Lorraine Cerezo Lim, doing business as LQC Care Home and Richlee Care Home, and Luzviminda Cerezo, doing business as White Oaks Manor, Cerezo Residential Care Home and Ross Senior Care Home, operate the facilities, which are located in Campbell and San Jose, CA.

The employers, according to the Labor Department, paid most workers a flat rate per day, ranging from $75 to $103, for working at least 12 hours per day, five to six days a week. Those per-day rates did not add up to at least $7.25 per hour for all of the hours worked.

The employer also did not pay workers time and one-half their regular rates when they worked more than 40 hours in a week, as overtime laws require, and did not record the hours actually worked by employees, in violation of the FLSA’s provisions, the Labor Department said.

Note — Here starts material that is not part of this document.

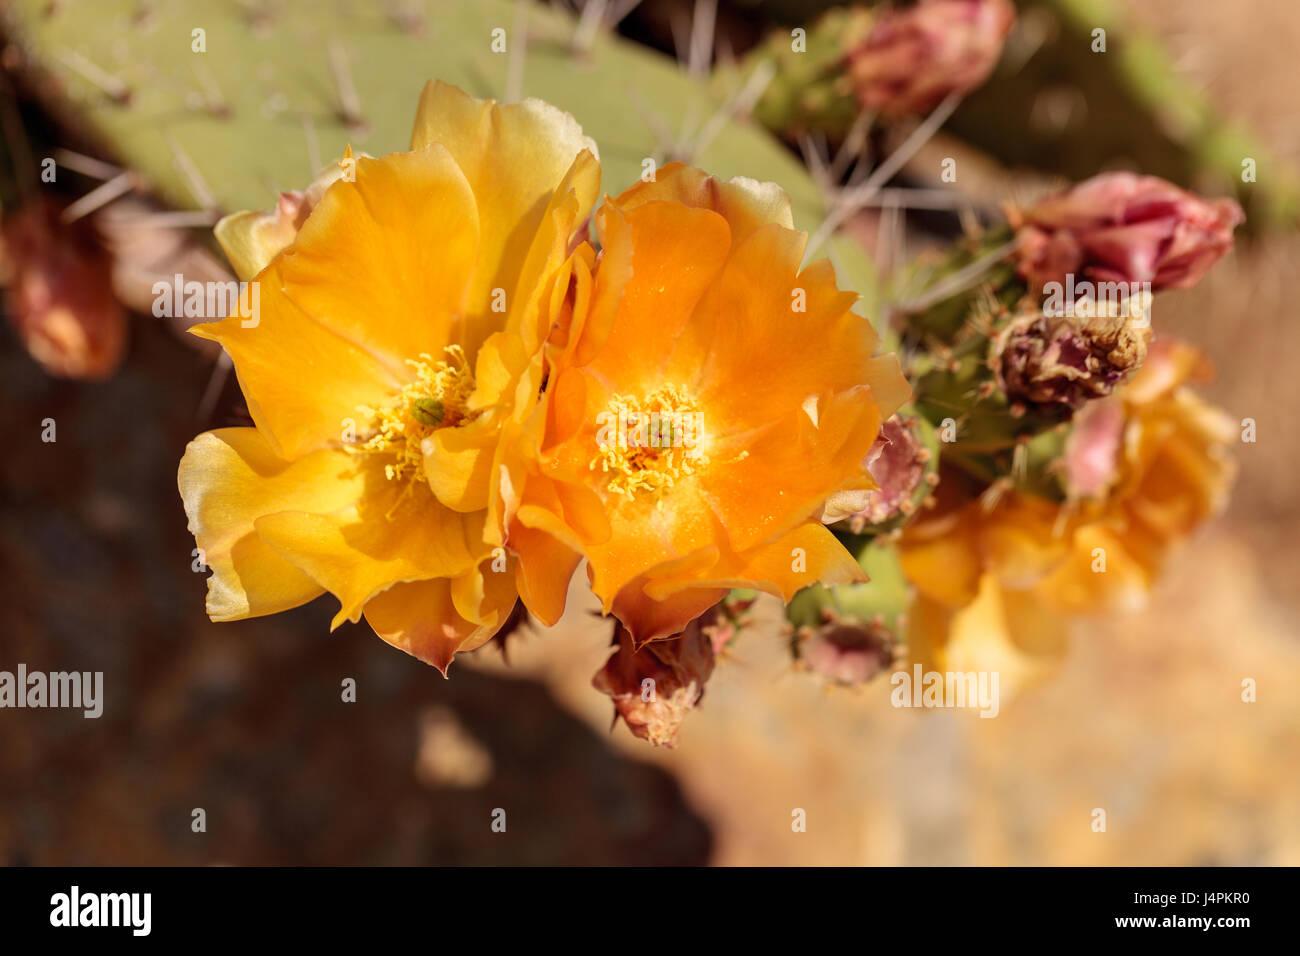 Yellow flowers on a coast barrel cactus san diego barrel cactus yellow flowers on a coast barrel cactus san diego barrel cactus also called ferocactus viridescens in a desert garden in southern california mightylinksfo

“Workers in the residential care industry, who work long hours taking care of our loved ones, often struggle to take care of their own families. When they are denied hard and rightfully earned wages, it’s unacceptable,” said Susana Blanco, director of the Wage and Hour Division’s San Francisco District Office. “The violations found here are all too common. The resolution of this case sends a strong message that we are committed to making sure that these workers take home every penny they have rightfully earned.”

The department’s Wage and Hour Division said it continues to find violations in the residential care field, particularly in the Bay Area. In the 2015 fiscal year, the division’s San Francisco District Office concluded more than 100 investigations of residential care facilities and nursing homes, resulting in $3 million in back wages and damages for more than 475 employees.